I would ask that the author not remind us that it is the Democrats that yelled that Bush was Hitler, Evil, and so were the Republikkans.

The worst that the Republicans can be said to say, is that Democrats support evil.

Atheism is a religion all on its own, and so is Leftism. That bears to be said, given that evil and good are religious vocabulary and not political vocabulary.

When Dick Durbin says that GitMo is a Gulag, he believes that GitMo is Evil. When Ted Kennedy says you are a racist, he believes that you are an evil person. (Link goes to how Ted murdered a woman he wanted to have sex with)

I take issue with the fact that the author did not mention President Bush using the word "honor" in his speech blitz last winter.

But the neoconservative cure is, alas, worse than the disease. For the sad fact is that historical guilt is now all that remains of the political conscience of the west. In unburdening ourselves of it, we are in danger of unburdening ourselves of any inhibition whatsoever. The Victorians were restrained in their imperial zeal by a long tradition of prudent statesmanship, as well as by a Christian sense of the corrupting effects of power.
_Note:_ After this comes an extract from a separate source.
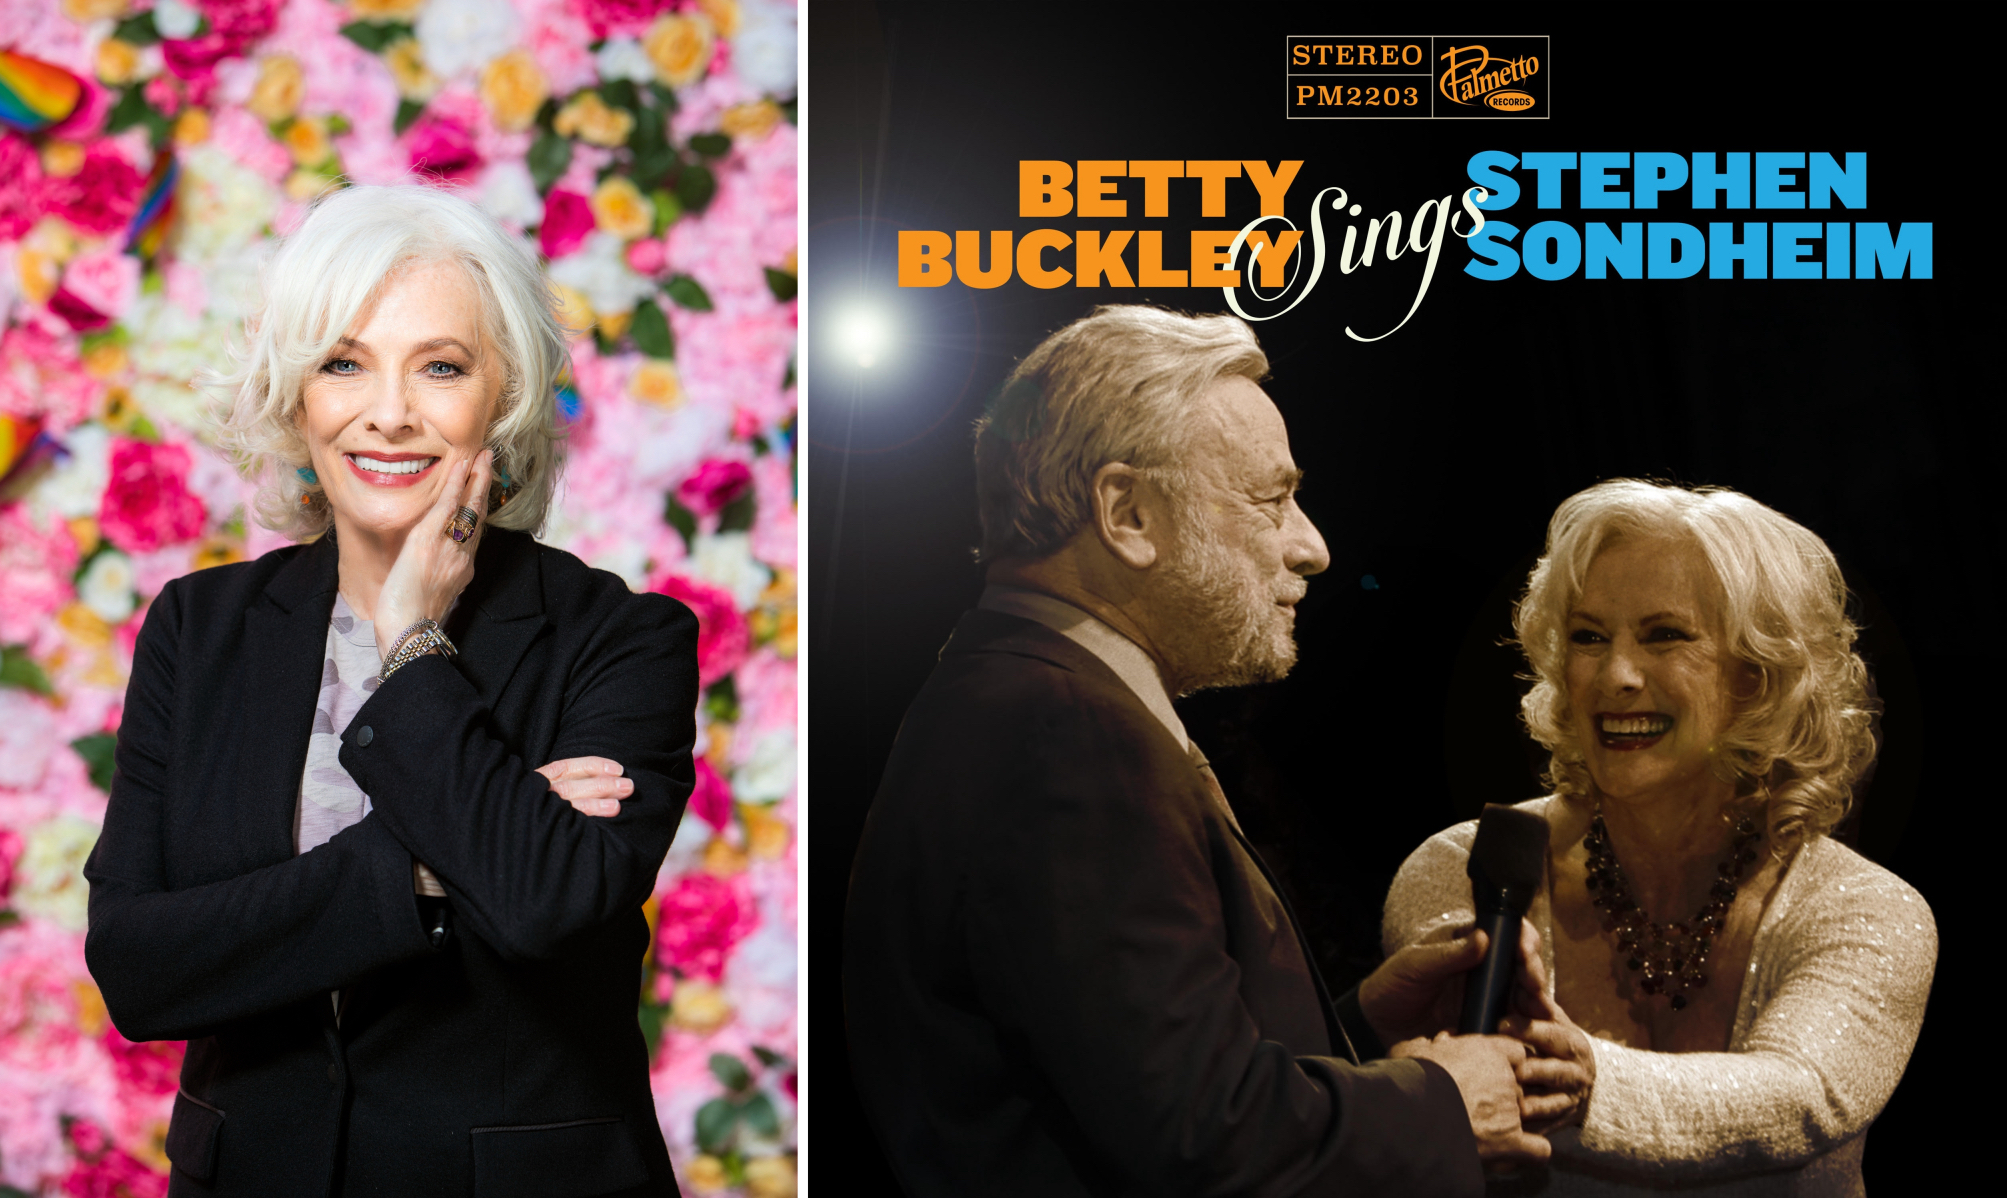 Betty Buckley Pays Tribute To Stephen Sondheim With Her New Album

Strauss himself, if not a believer, had a sincere respect for religious faith. He understood the sacred awe before the limits of human power that the Bible calls "fear of God" and the Greeks expressed in the concept of dike, or cosmic justice. What restraints now remain? What is to prevent Strauss's heirs, inheritors of a vulgarised version of their master's teaching and confronted by no internal or external obstacles, from inflicting their fierce love upon the whole of humanity?

What are the neoconservatives and America constrained by? That is easy to answer.

We are constrained by the virtues of honor, duty, sacrifice, loyalty, compassion, independence, patriotism, courage, and determination.

Discipline and loyalty from the military. Compassion from all. And independence, courage, and sacrifice by the civilians backing our military to the hilt.

You ask us what contrains us in our human endeavours, and I say, the nobility of the human spirit. You ask what obstacles stops us from inflicting the tough love of honor and liberty, and we say the vices of corruption, hate, and superstition.